Wednesday, May 8, 2013

Who's the Victim?

I finally figured out why I'm having such a hard time with the fourth Sasha Jackson Mystery. 
Seems that until just now, I'd forgotten about a very good piece of mystery writing advice:  Know Your Victim

When I first began writing, I remember being told to start with the victim.  The author must know who died - of course - but knowing who the victim was, what his life was like, what his influences were, what his values were and so on makes the story unfold for the author (and ultimately for the reader as well).

It's easy to forget this advice since the victim will most likely not be an "active" part of the story.  You won't likely give the victim much dialogue.  There aren't likely to be many descriptions of him going about his day, going to work, interacting with others.  (Keep in mind that in North American mysteries the dead body usually turns up within the first few pages).
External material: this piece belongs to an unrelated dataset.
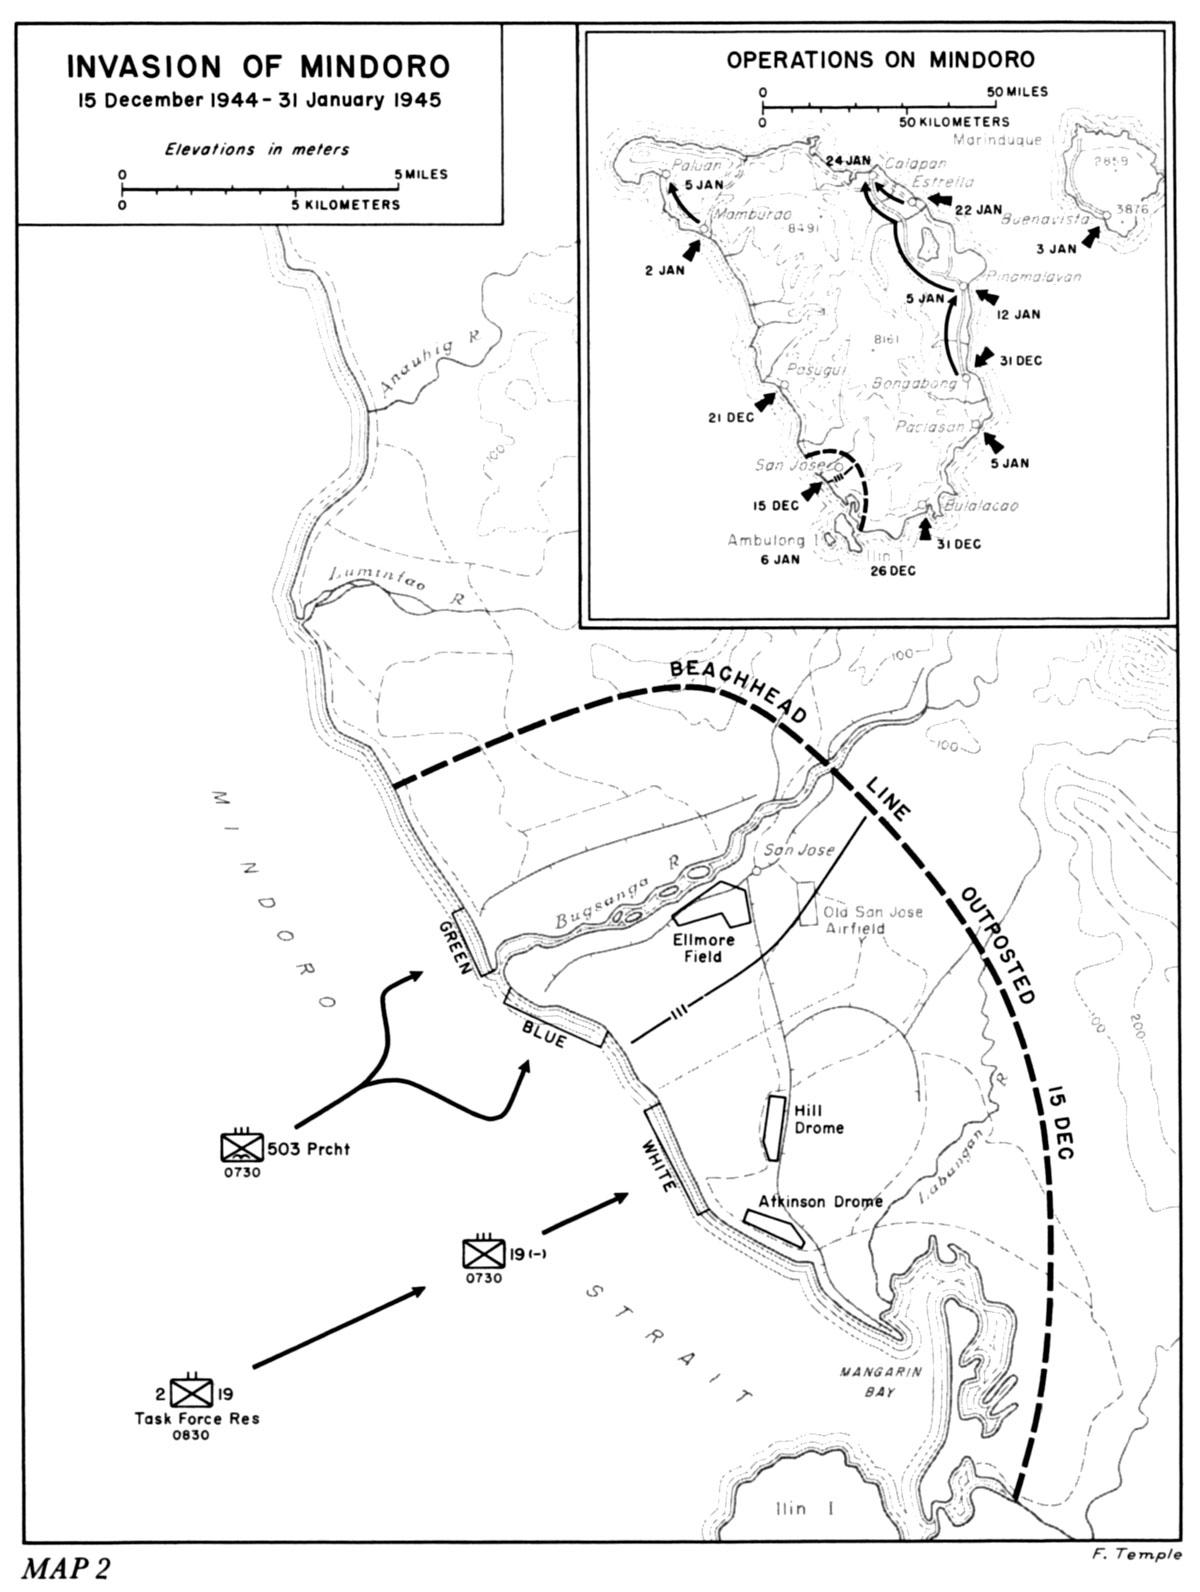 Invasion Of Mindoro 15 December 1944 31 January 1945

In Frisky Business, book four of the Sasha series, I have two victims, both female.  Right from the get-go, I've had a solid background of Victim #1.  Because of this, it's pretty easy to figure out (and write) who killed her and why.  I have a good understanding of what made her tick.  Knowing her well tells me who will be in her life, with whom she would have interacted, and so on; thus I have a pool of characters that my sleuth can turn to during the investigation. 
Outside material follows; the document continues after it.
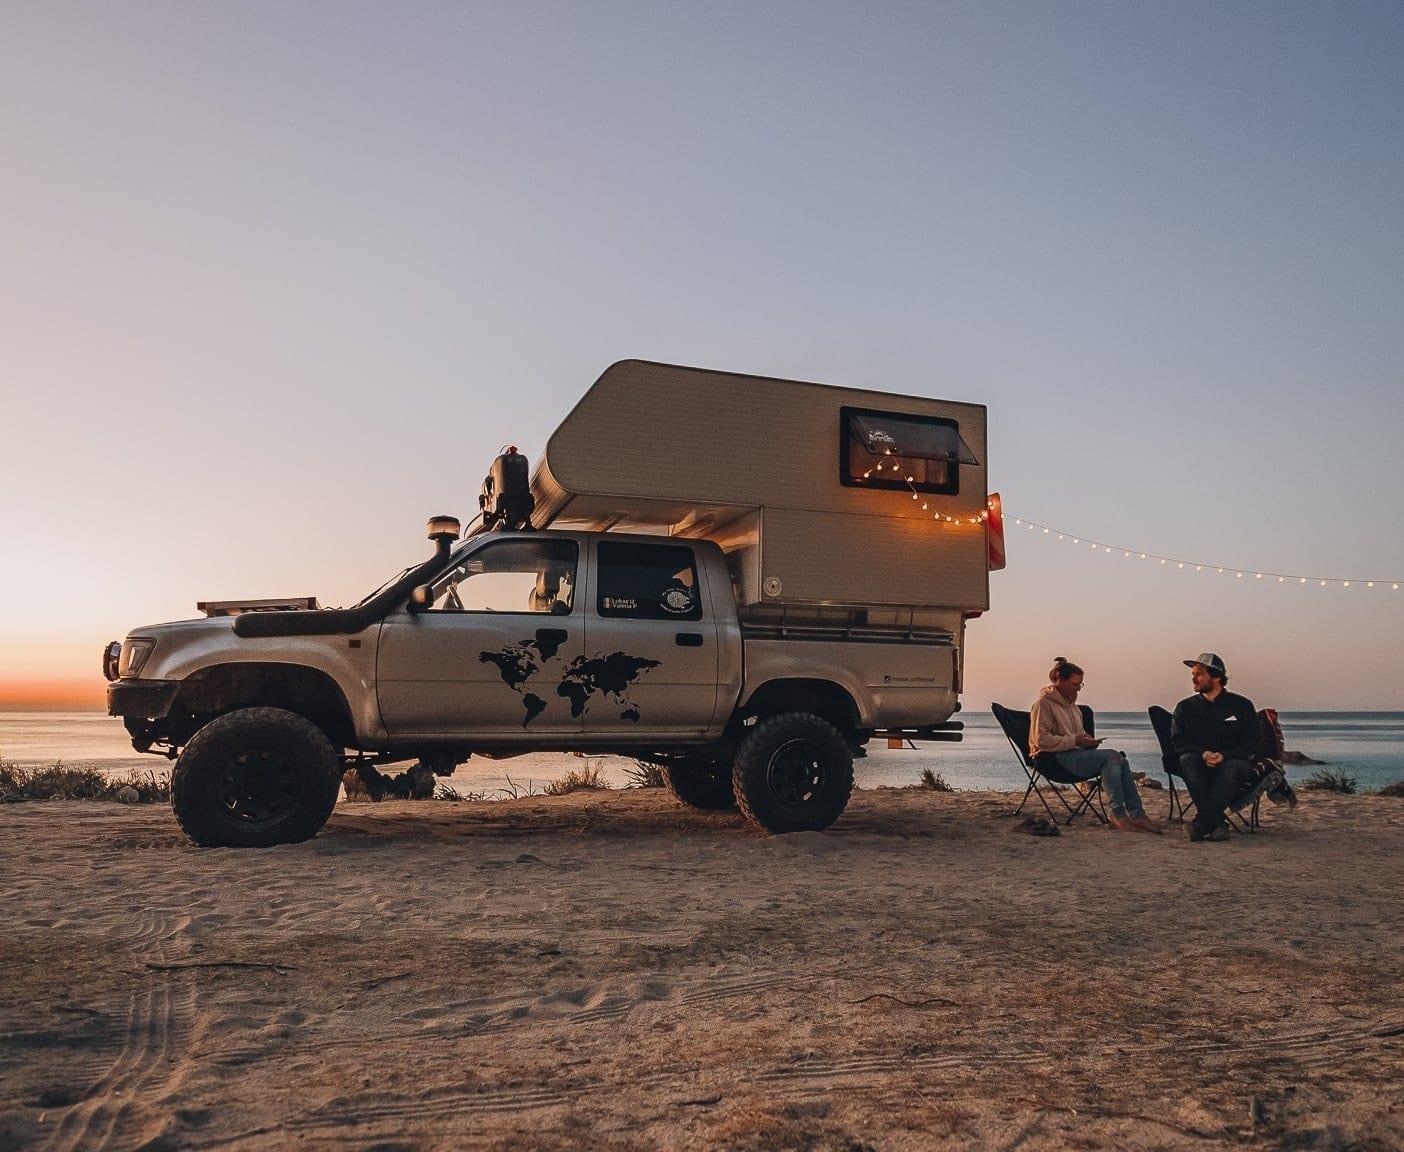 toyota-hilux-ln-105-camper-pickup-vanlife-kaufen-ausbau-3

But Victim #2 is another story... I keep getting stuck on this one.  Everything I've written ends up being deleted a couple of days later.  It finally occurs to me that I need to figure out more of her background.  My gut tells me that once I do that, the rest will fall into place.  
When I know who the victim is, I'll know what else I need in order to write the story.

1 comment:

  1. In my mysteries the victims usually have some early-story interaction with the protagonist. As such, they have built in backstory and character development.